Today's topic is about a book that my Book Club will discuss later this morning. It's one I read even before it was selected as one for our group. Shanghai Girls by Lisa See was entertaining, informative, and thought-provoking. Not bad to find a book that will cover all that.
Lisa See is an American who is part Chinese in heritage. She has explored her Chinese roots in two previous novels--Snow Flower and The Secret Fan and Peony In Love. I read the Snow Flower book but not the other one. Both books received high praise and the newest one, Shanghai Girls, also had good reviews.
This one is about two sisters, May and Pearl, who grow up in Shanghai in a privileged family. Even so, the sisters work as 'beautiful girls' modeling for photographers. Not sleazy photos but ones to sell products. Even the Chinese of that 1930's era knew that beauty is going to help sell a product. The girls father is deeply in debt from his addiction to gambling, and to pay off his huge debt, he agrees to sell his daughters to Gold Mountain men as brides. These men are Chinese who had moved to Los Angeles and become wealthy. The sisters are horrified and do all they can to avoid the marriages.
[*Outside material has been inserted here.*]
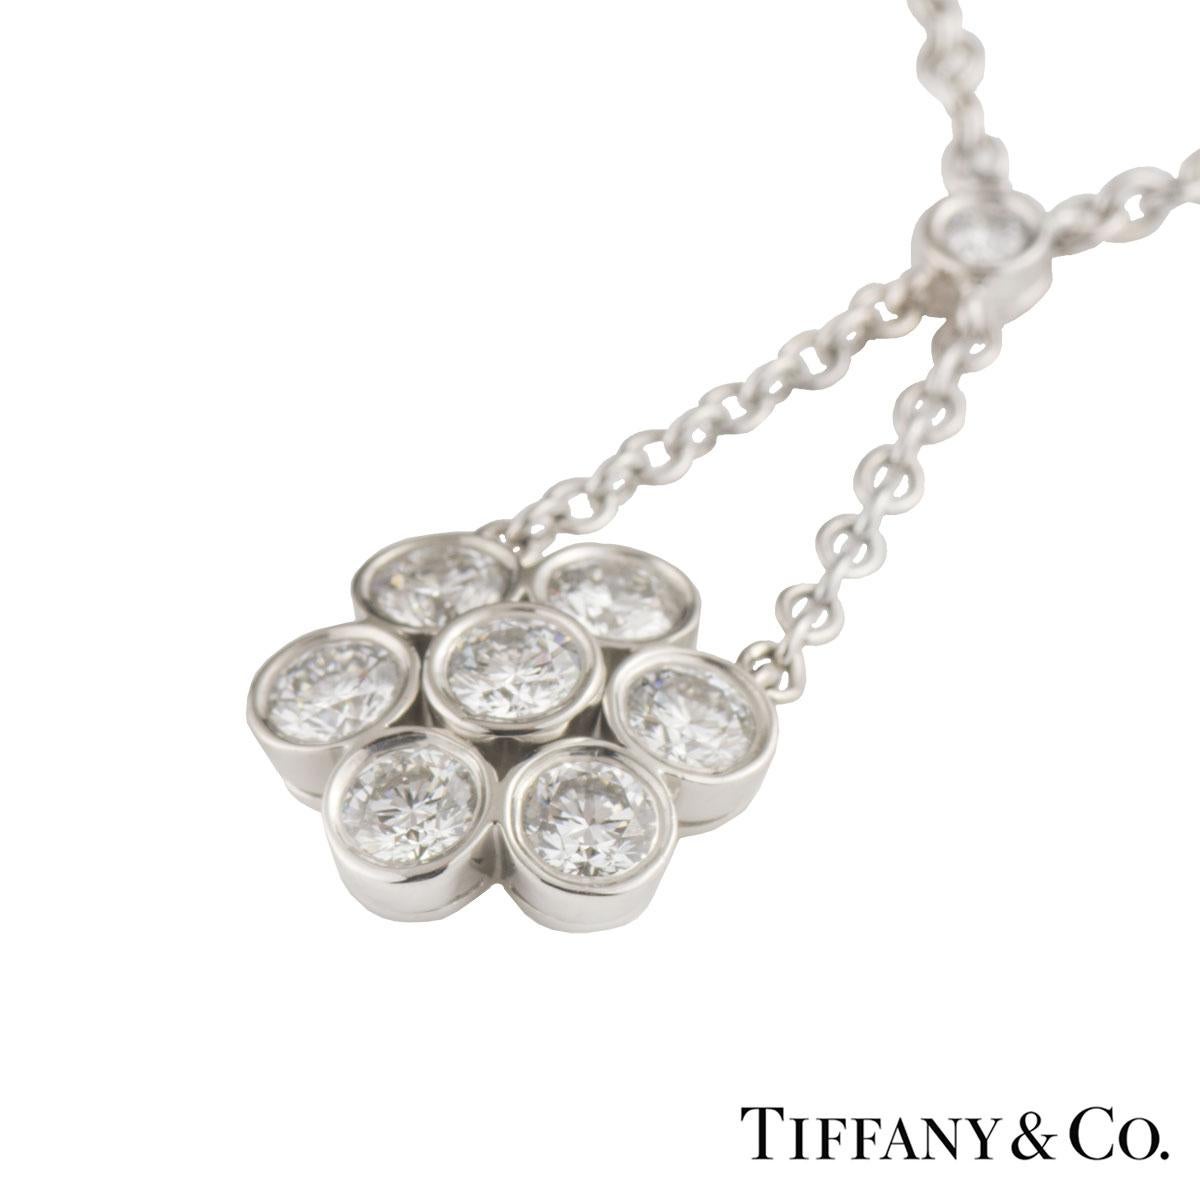 A beautiful platinum diamond Tiffany & Co. pendant from the Enchant collection. The pendant comprises of a flower motif with 7 round brilliant cut diamonds accentuated with two chains joining another round brilliant cut diamond in a rubover setting.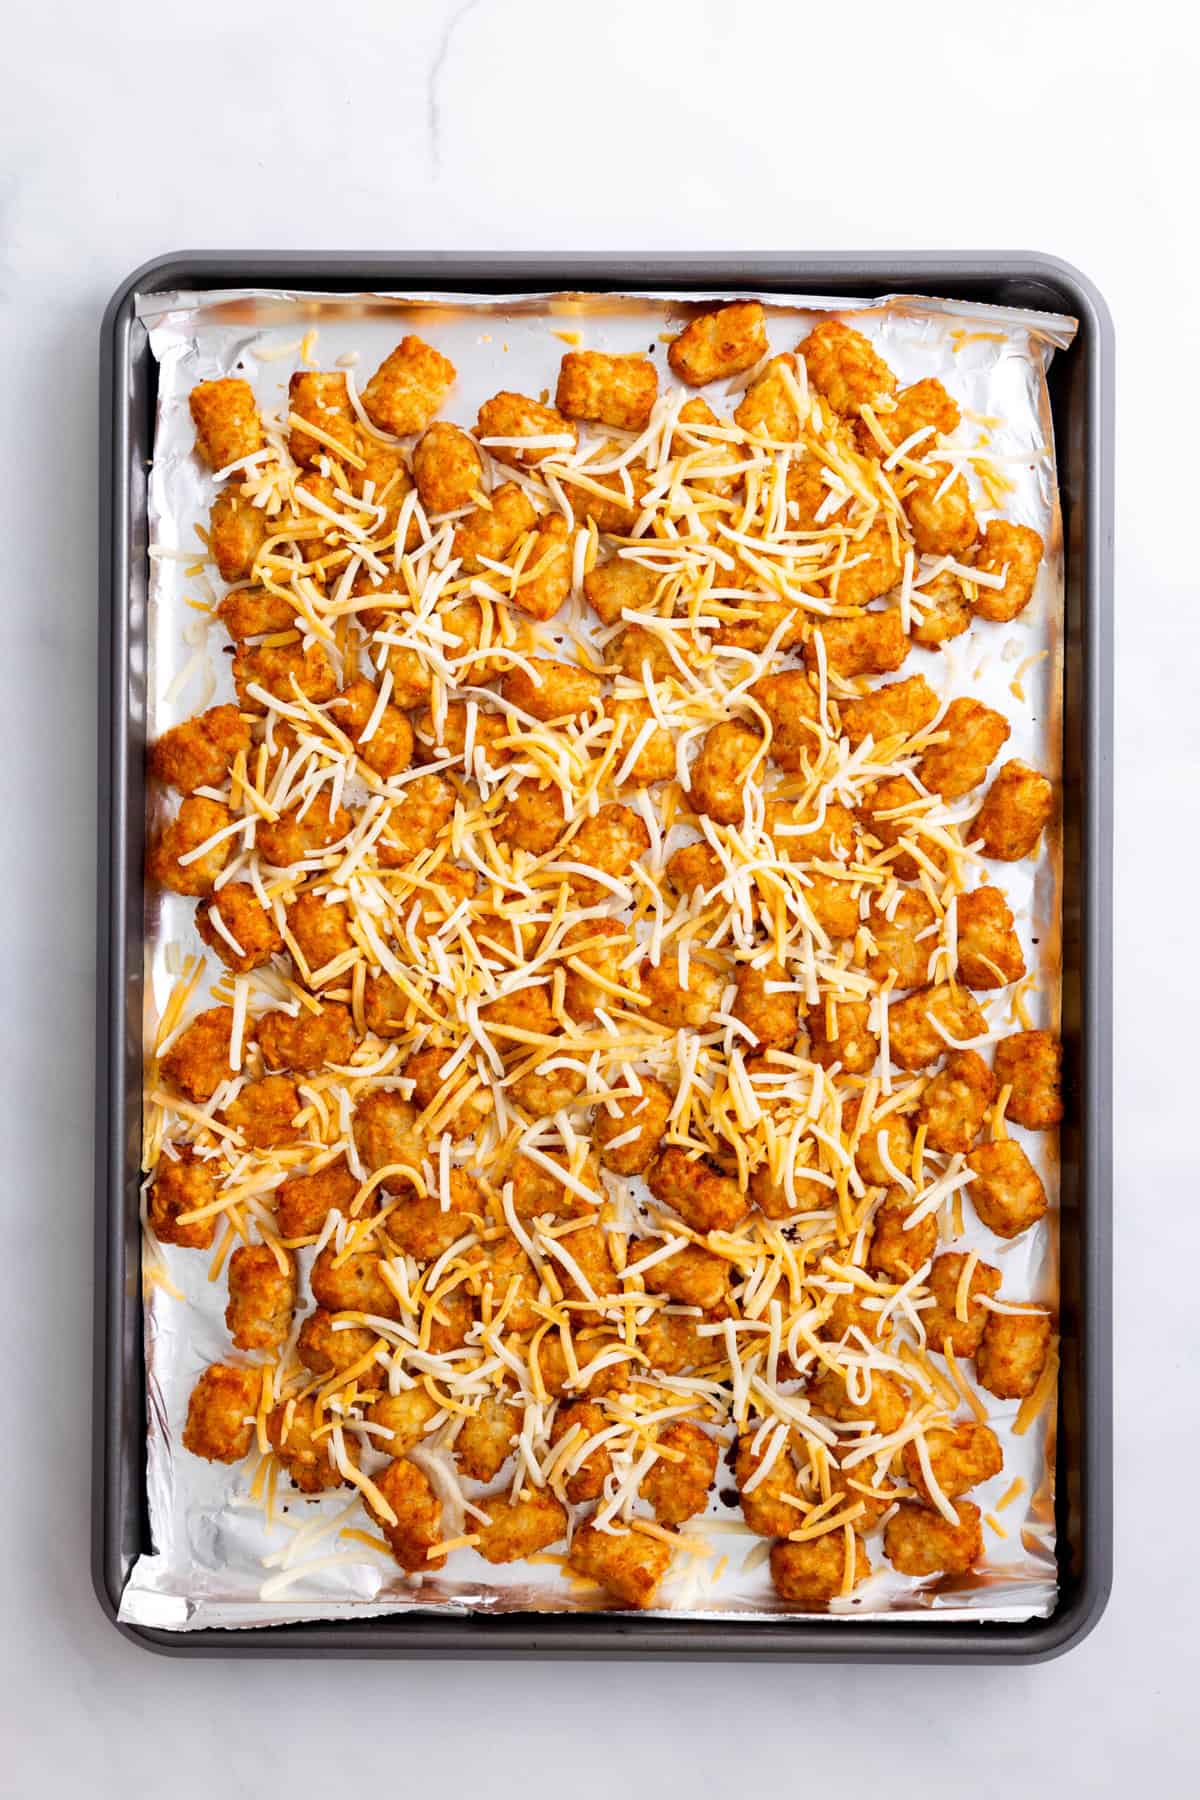 step 2 to make loaded tater tots, sprinkle shredded cheese over the tater tots

Their plan to run away is thwared by the invasion of the Japanese army. They flee with their mother, still planning on never marrying the men they were sold to. But fate has other plans for them, and they soon find themselve on the way to America. They are held at a place called Angel Island, a misnomer if there ever was one! They spend months being detained before they can go to Los Angeles where they will finally live with their husbands. The book covers the next twenty years of the sisters' lives with the family they married into, life in the Chinatown of L.A.
It's a book about the bond between sisters that never fully breaks completely, even in the harshest of times. It's about the immigrant experience of the Asian people. The history of the European immigrants coming through Ellis Island on the east coast has been written about in hundreds of books, but the Asian immigrant story has had less attention, though it is no less interesting. Racial problems were a part of the daily life of these Chinese-trying-to-become-American people.
I leanred a great deal about the history of the Asian immigration movement, and I was entertained by a very good story. Lisa See is a fine storyteller, thorough in her research, and bound to write more books that I will read. I'm definitely going to try Peony In Love next. As for now, I'm looking forward to discussing the book with the six other women in my BookClub.
Great review. This one is on my reading list.